CALGARY – A merchant power line linking wind generation in Montana to Alberta’s electricity grid will be delayed, but not as long as proponents had applied for.

Provincial regulators denied Enbridge Inc. a request to extend permitting deadlines on the Montana-Alberta Tie Line by a year, instead granting the pipeline and energy giant a regulatory break until May 2012.

Power line builder and operator AltaLink was included in Wednesday’s decision on the 230-kilovolt transmission line by the Alberta Utilities Commission, having also applied for an extension on its substation project associated with the project.

The merchant power line has been in the making for more than five years, with original proponents struggling to find contracts in Alberta, permits in Montana and financing in Canada and the United States.

The line was expected to flow 340 megawatts of wind-generated power by mid-2012 from Great Falls, Mont., to a substation just north of Lethbridge, anchored by take or pay contracts primarily with U.S. developers.

However, in September Enbridge and AltaLink filed separate applications to extend their construction deadlines until Dec. 31, 2012, citing weather and disputes with U.S. landowners and contractors.

Enbridge was noncommital about the regulator’s shortened timeline when contacted Wednesday.

“The extension of our construction permit to May 31, 2012, was an interim decision made by the AUC that will allow the commission more time to consider applications that MATL currently has before the commission,” Enbridge spokeswoman Jennifer Varey said in an e-mail.

Earlier this year the Calgary-based company said it would be investing $300 million for the 2012 launch, followed by a low-cost expansion for 2014.

Enbridge bought the project for $70 million from cash-strapped developer Tonbridge Power Inc. in August, acquiring at the same time legal challenges on both sides of the border.

One such battle is in front of a Montana district judge today, a case challenging the MATL’s right to force U.S. landowners to cede property under “eminent domain” as unconstitutional.

As a result of the delays, AltaLink was unable to complete construction on the Picture Butte substation needed to connect the transmission line with the provincial grid and also asked for an extension, said spokesman Scott Schreiner.

The regulator’s decision giving until May 31 as an interim deadline while it reviews both applications will be respected, he said.

“That’s what we’ll work with and we’ll continue with our construction efforts to be able to get that substation in place by that time,” Schreiner said.
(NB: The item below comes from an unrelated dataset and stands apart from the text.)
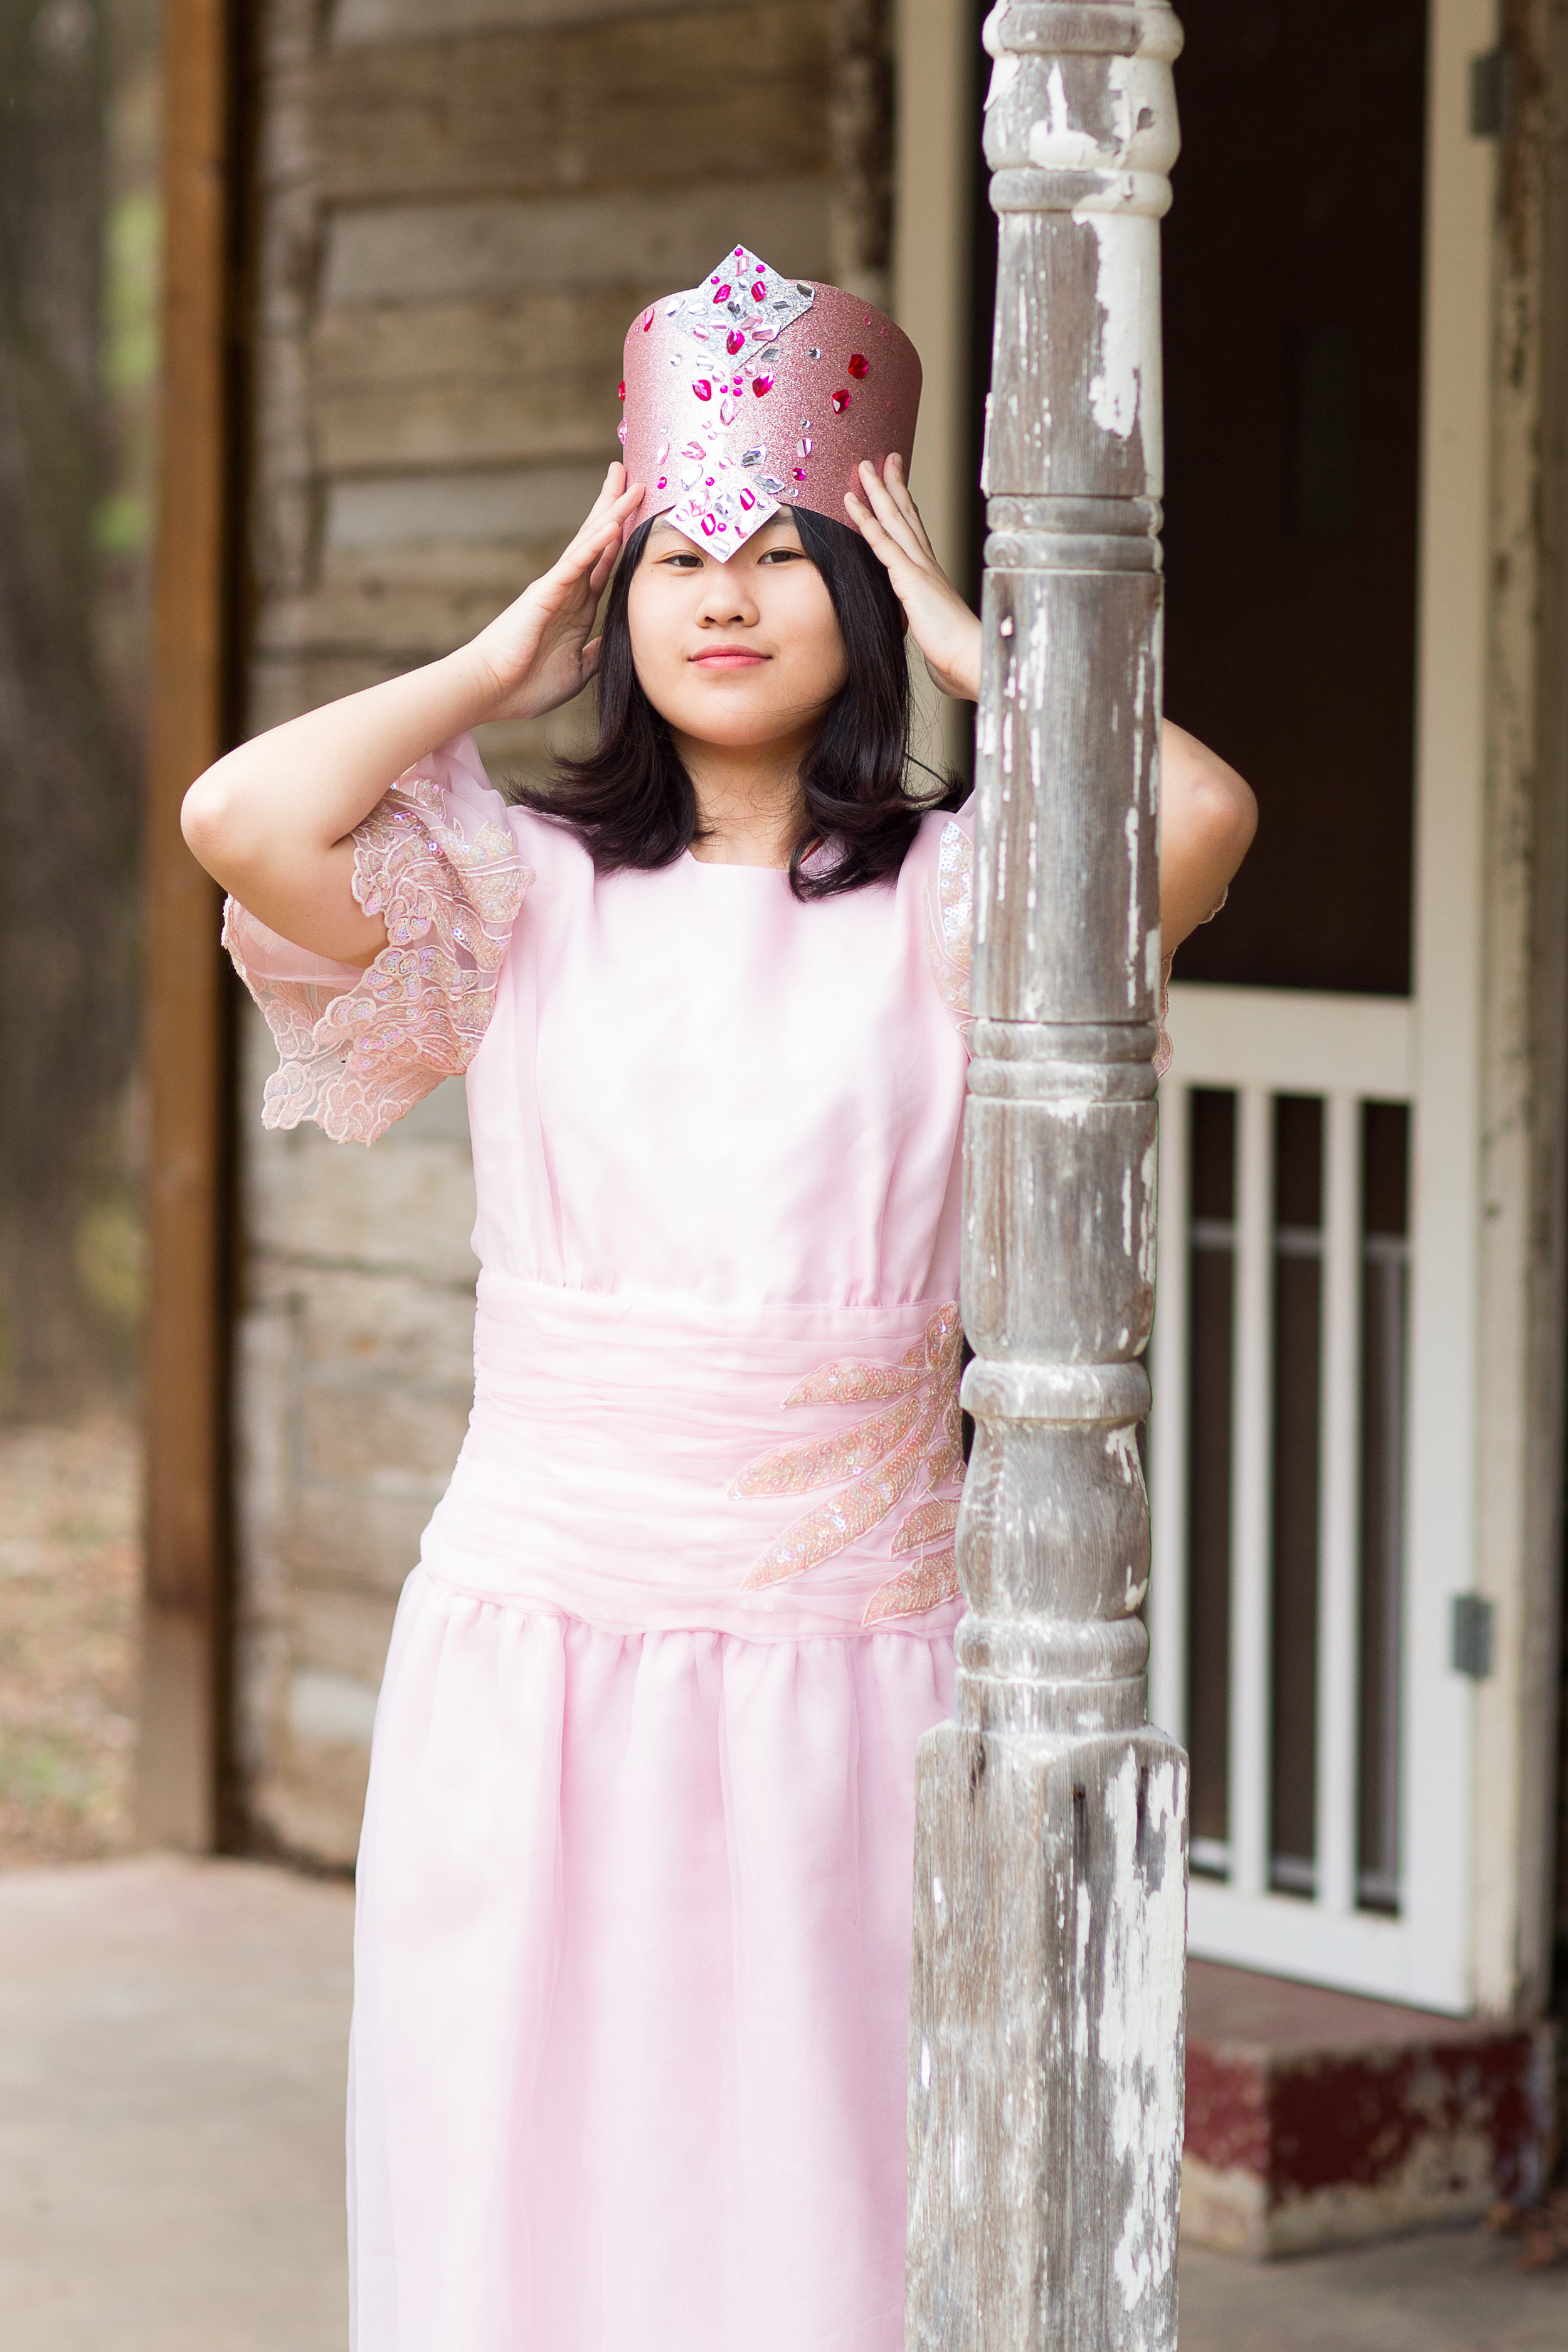 Jenny Jiang as Glinda
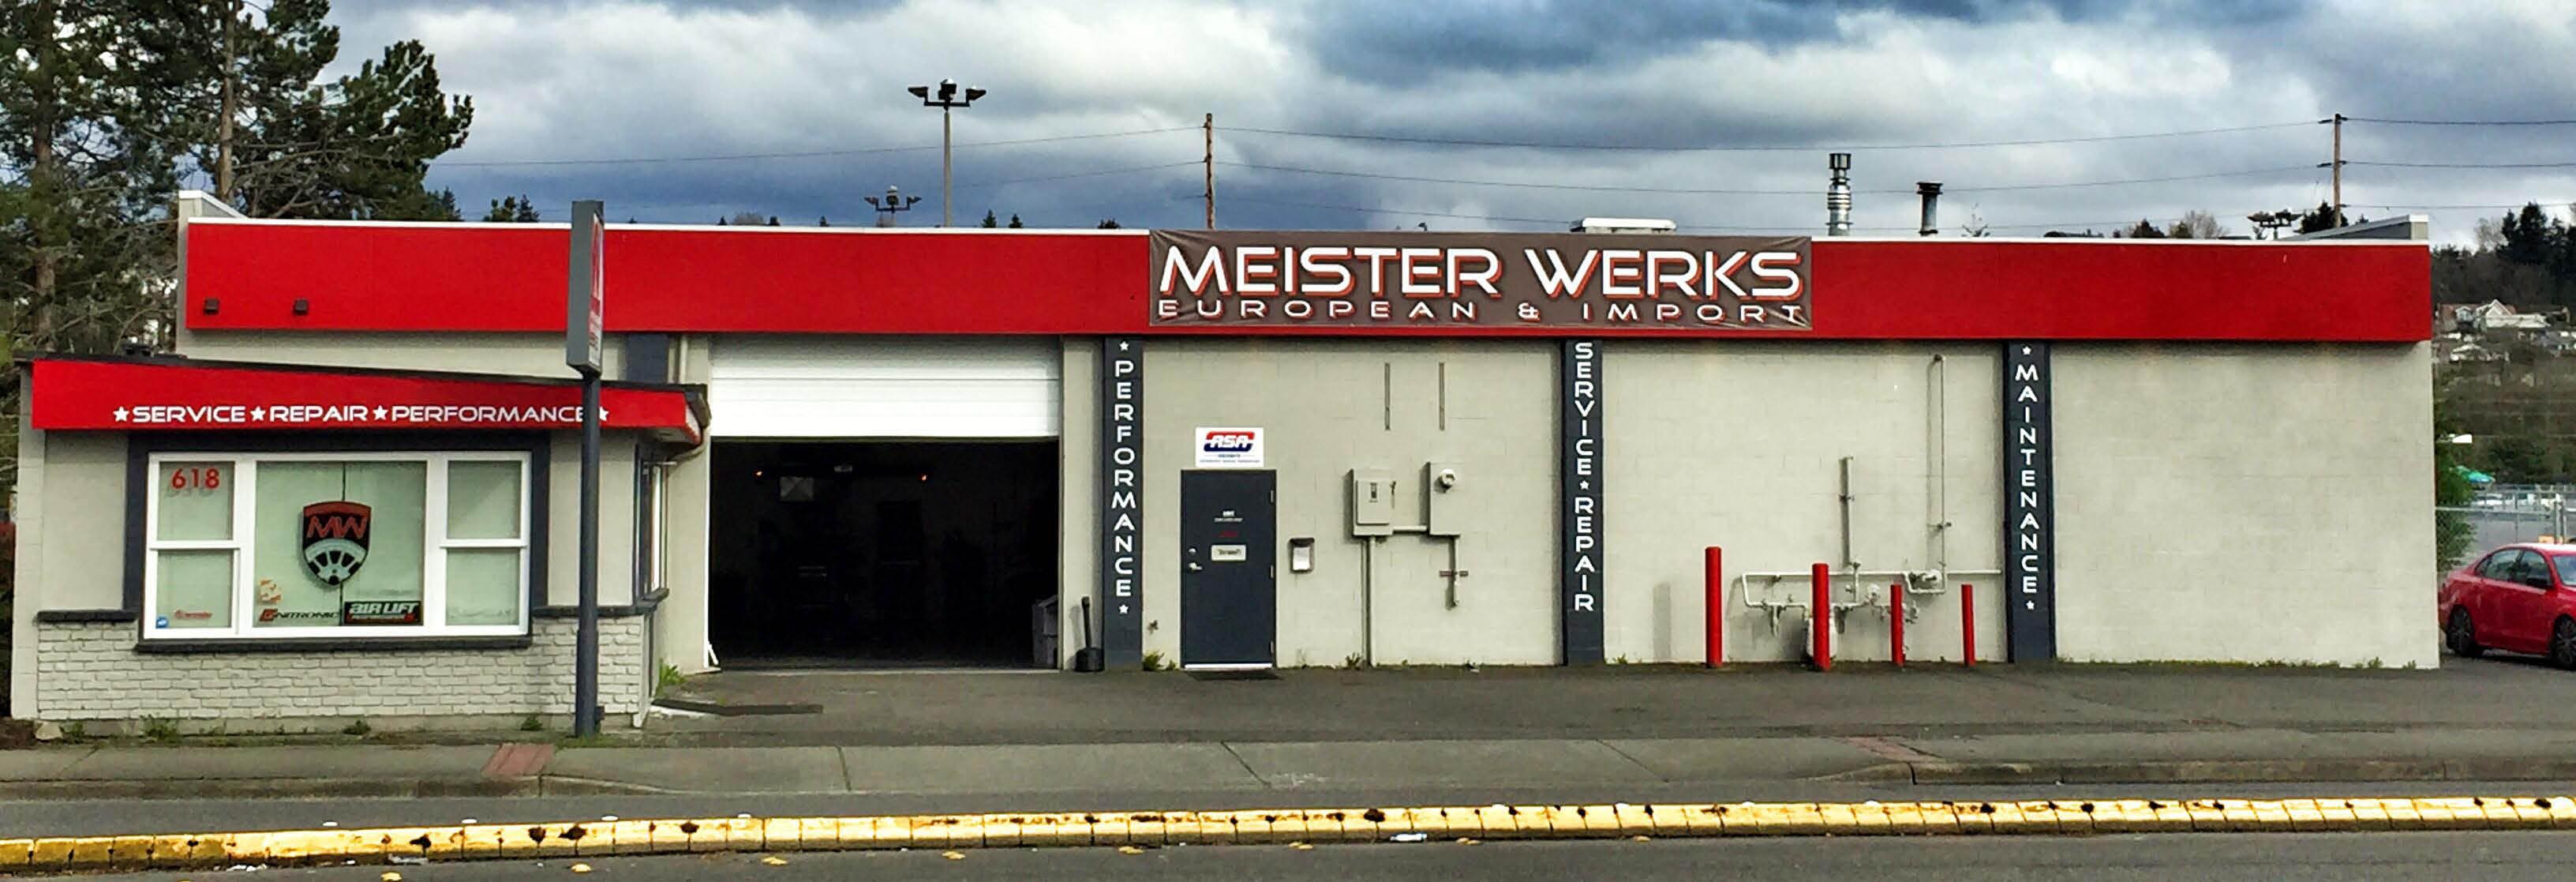 Meister Werks main banner image - Renton, WA

The 340-megawatt capacity line was fully contracted by wind power generators, and supported on the American side by a low-cost, 30-year loan from the Western Area Power Administration of the U.S. Department of Energy.

The $161-million federal stimulus loan could be compromised if the project is delayed beyond April 30, 2012, according to MATL proponents.

Back in Alberta, the Alberta Electric System Operator was aware of the commission decision and was planning around it, said spokesman Alan Clay.

“As the system operator we are doing all the necessary work to prepare to integrate the new intertie into the Alberta interconnected electricity system in a safe and reliable manner,” Clay said.

Alberta currently has access to about 10,000 megawatts of power off a maximum capacity of 13,000 MW.